Issue (i): Whether the assessment order was vitiated for non-consideration of the objections filed against the pre-assessment notice.
Analysis: The assessment order reproduced the objections but did not any real consideration of their merits or any reasons for rejecting them. In a quasi-judicial assessment, the authority must show application of mind and must deal with the objections in a reasoned manner; a stock observation that no valid ground was made out is not a substitute for decision-making on the merits.
Conclusion: Yes. The assessment was vitiated for non-consideration of the objections.
Issue (ii): Whether the assessee was entitled to a personal hearing before finalisation of the assessment notwithstanding the availability of an appellate remedy.

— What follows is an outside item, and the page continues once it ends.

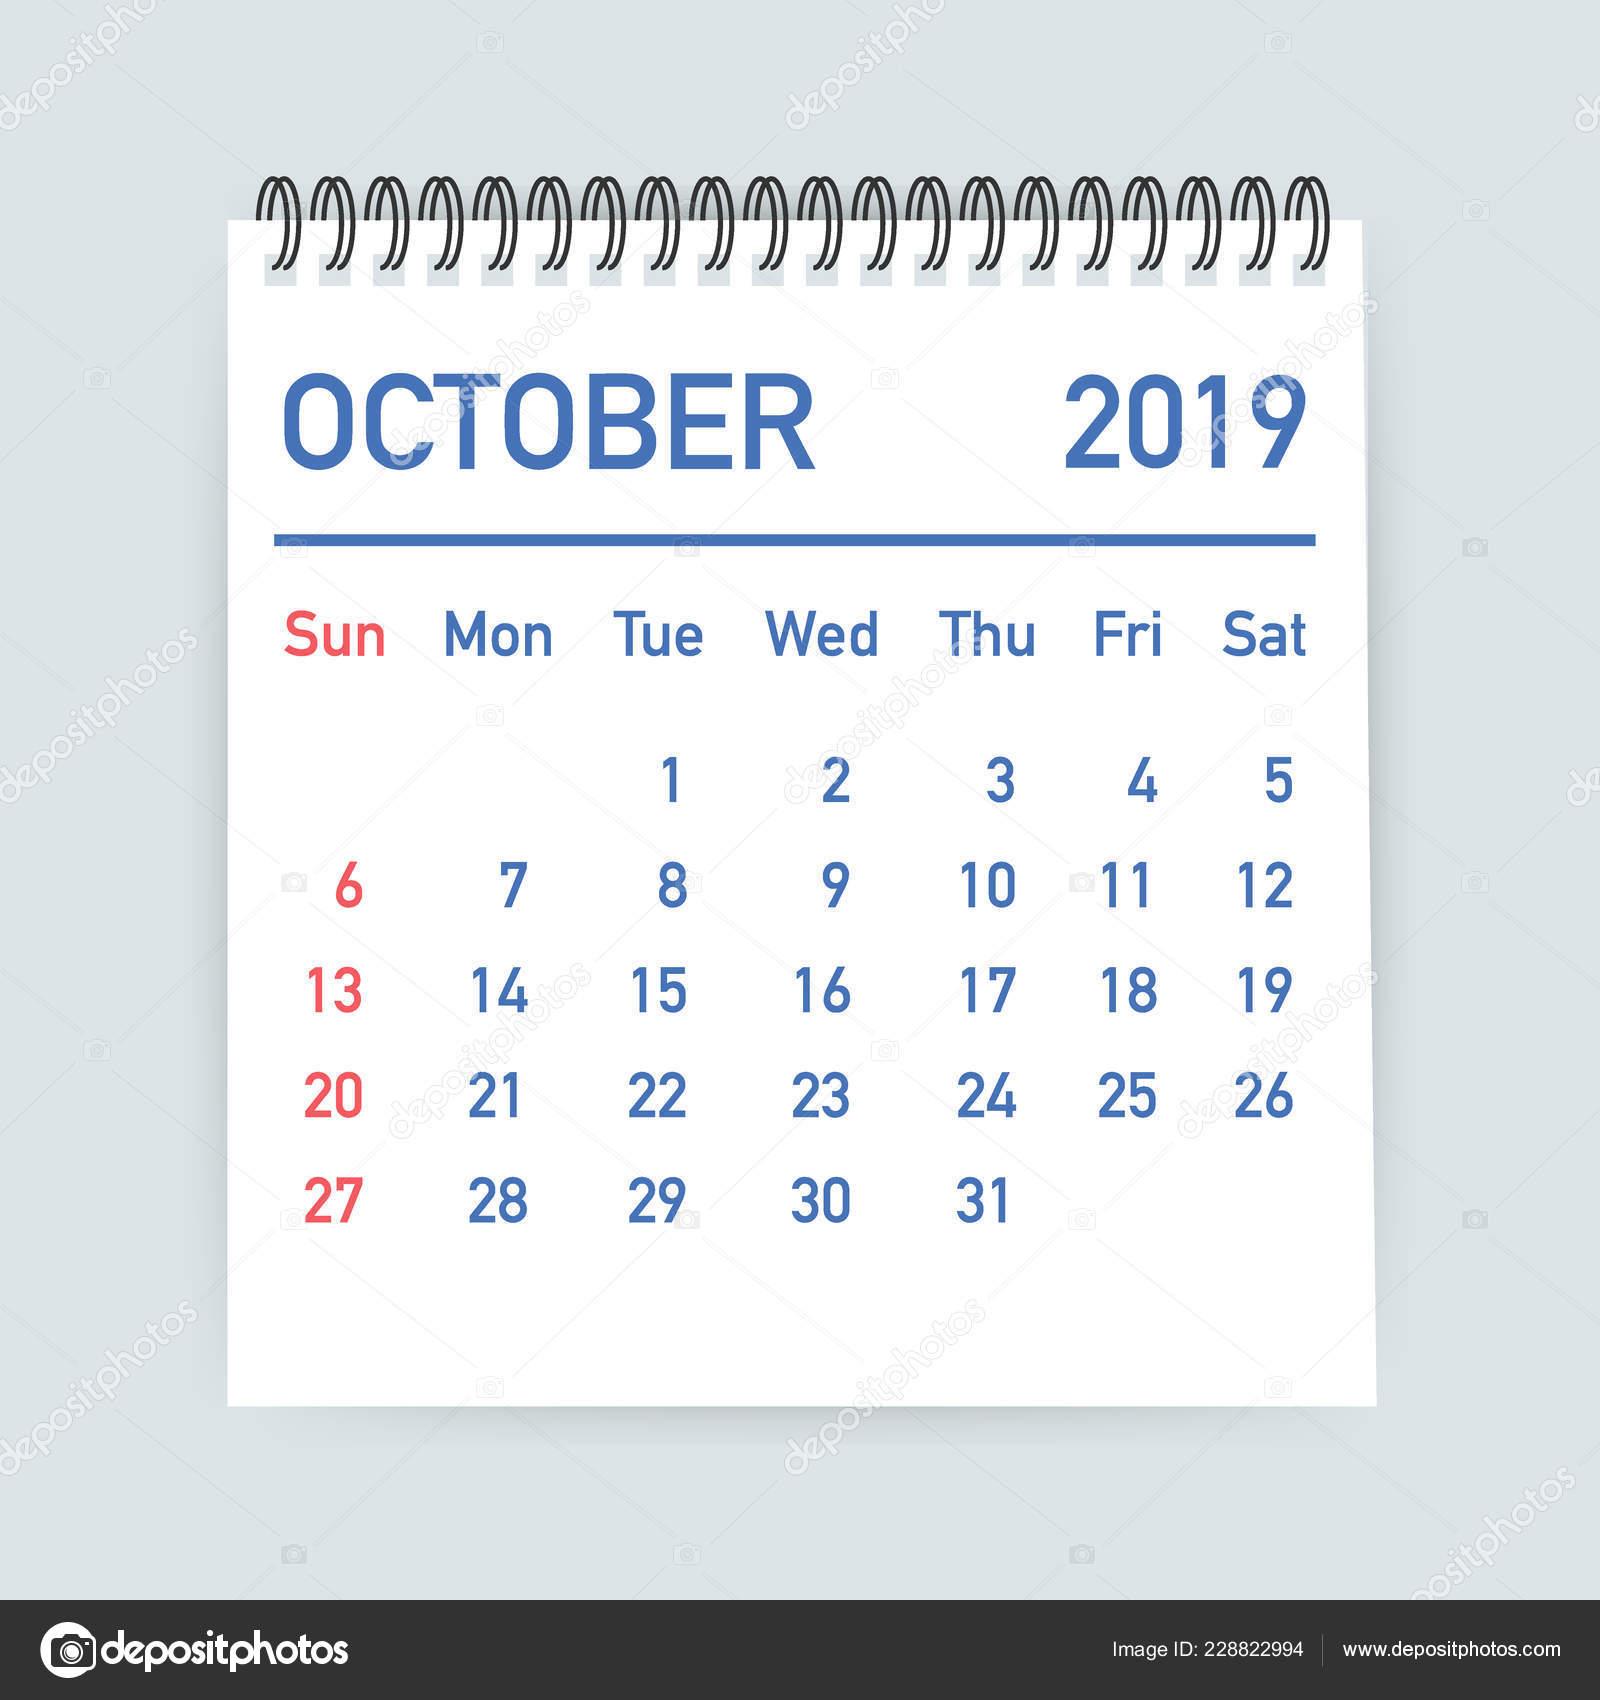 Octobre Calendrier 2019.Feuille De Calendrier Octobre 2019 Calendrier 2019 Dans Le
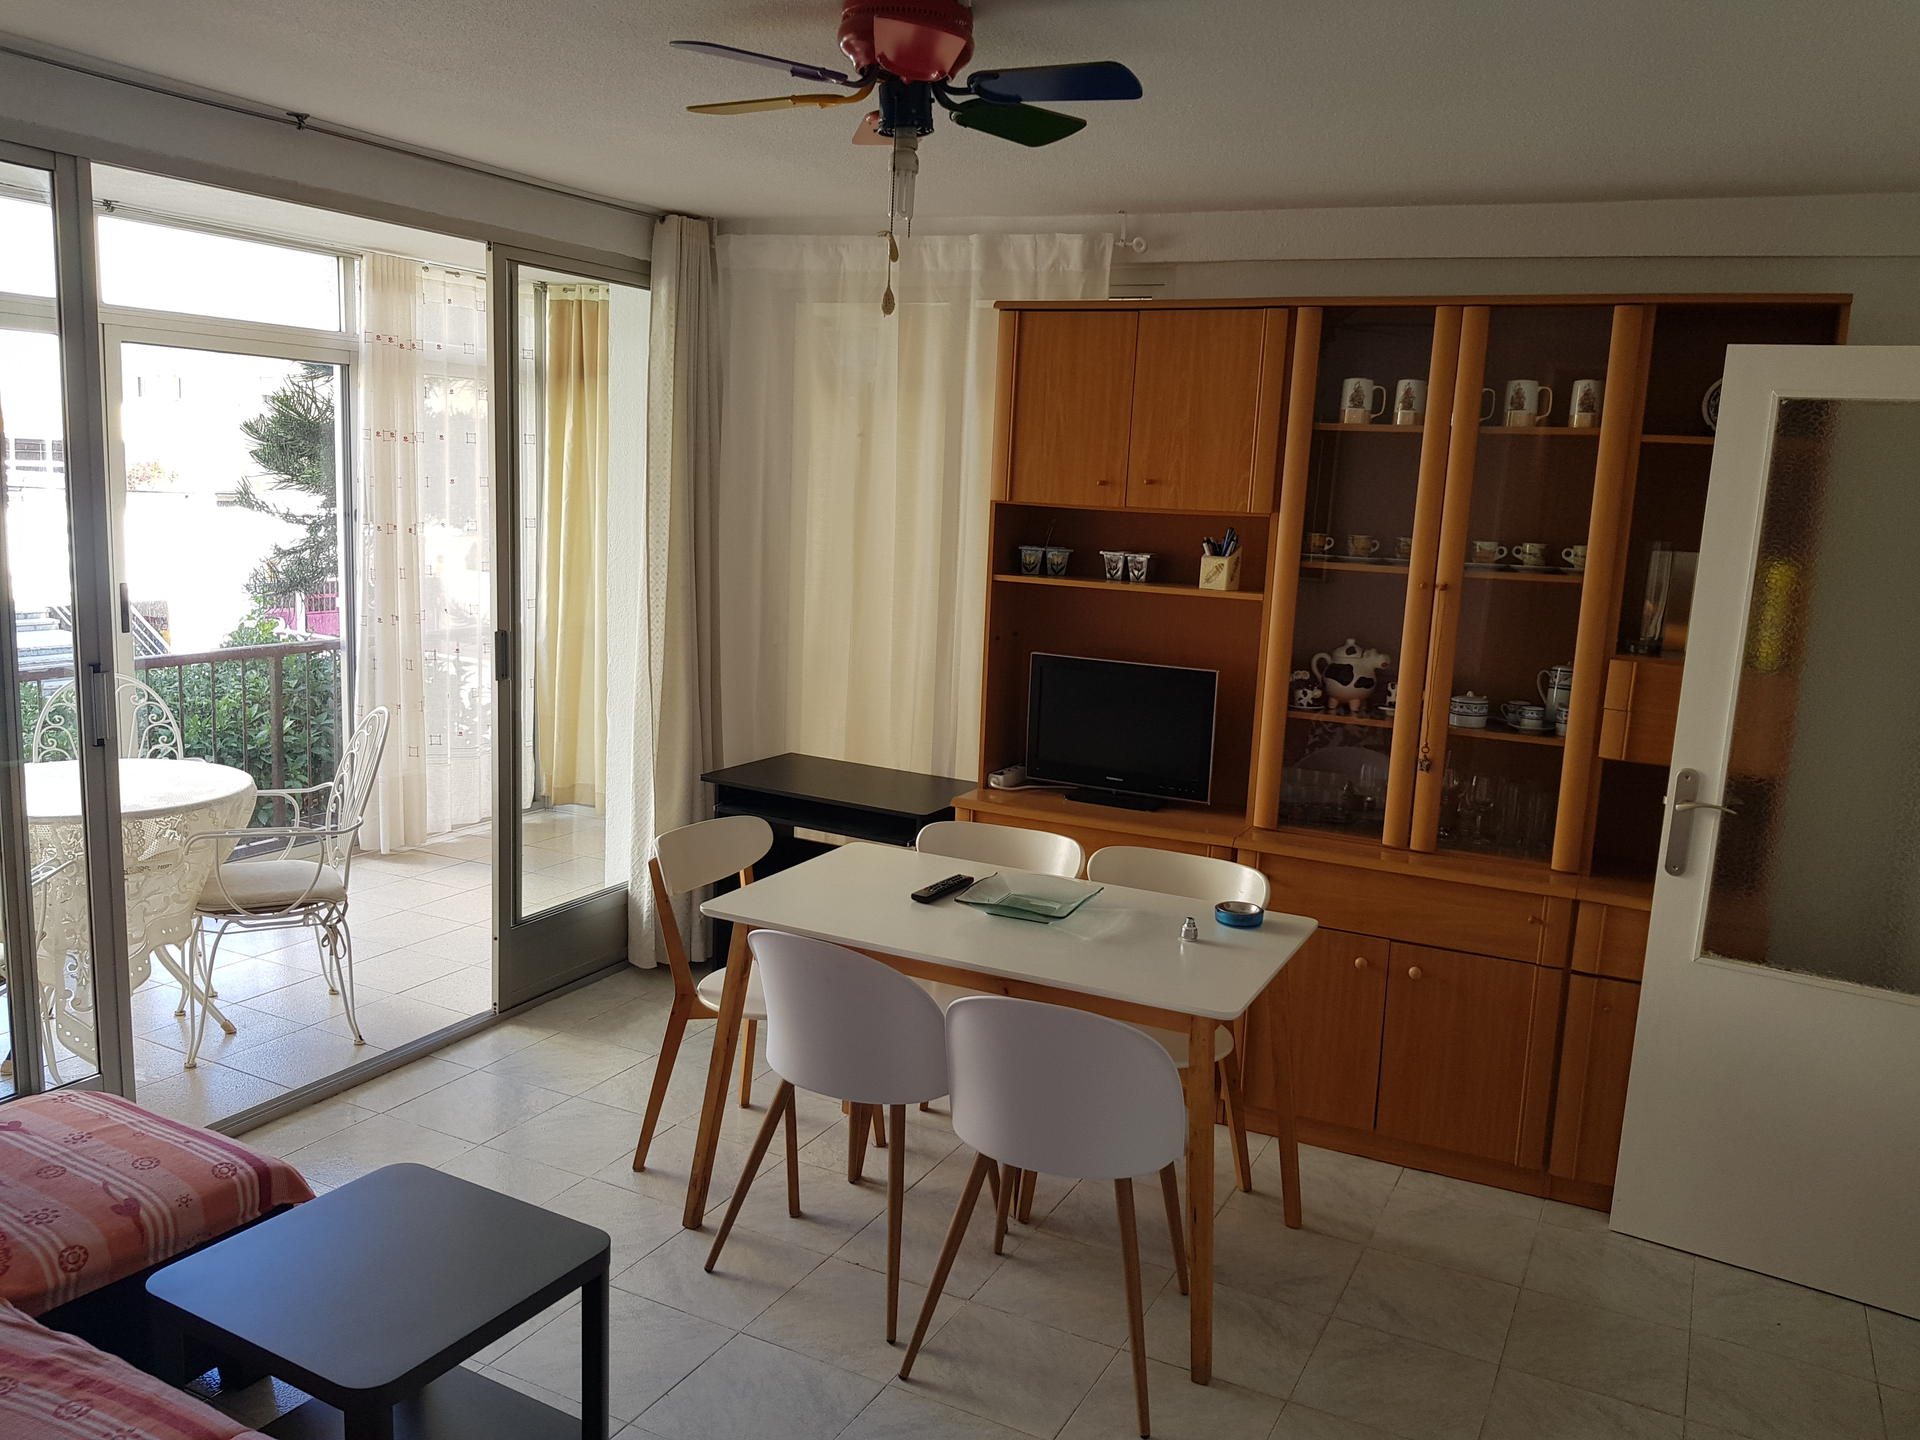 Piso -                                       Benidorm -                                       3 dormitorios -                                       0 ocupantes

Analysis: The pre-assessment notice was a composite notice fixing a date for personal hearing, and the objections themselves contained a request for hearing. Once the authority accepted the belated objections, it was obliged to afford a hearing before completing the assessment. The existence of an appellate remedy did not cure the defect, because the appellate authority could not properly validate an order passed without due consideration of objections and hearing.
Conclusion: Yes. The assessee was entitled to a personal hearing before finalisation of the assessment.
Final Conclusion: The assessment order could not stand and was required to be set aside, with a fresh assessment to be made after considering the objections and granting a personal hearing.
Ratio Decidendi: In a quasi-judicial tax assessment, objections to a pre-assessment notice must be independently considered with reasons, and where the statute contemplates or the notice fixes personal hearing, the assessee must be afforded that hearing before finalisation of the assessment.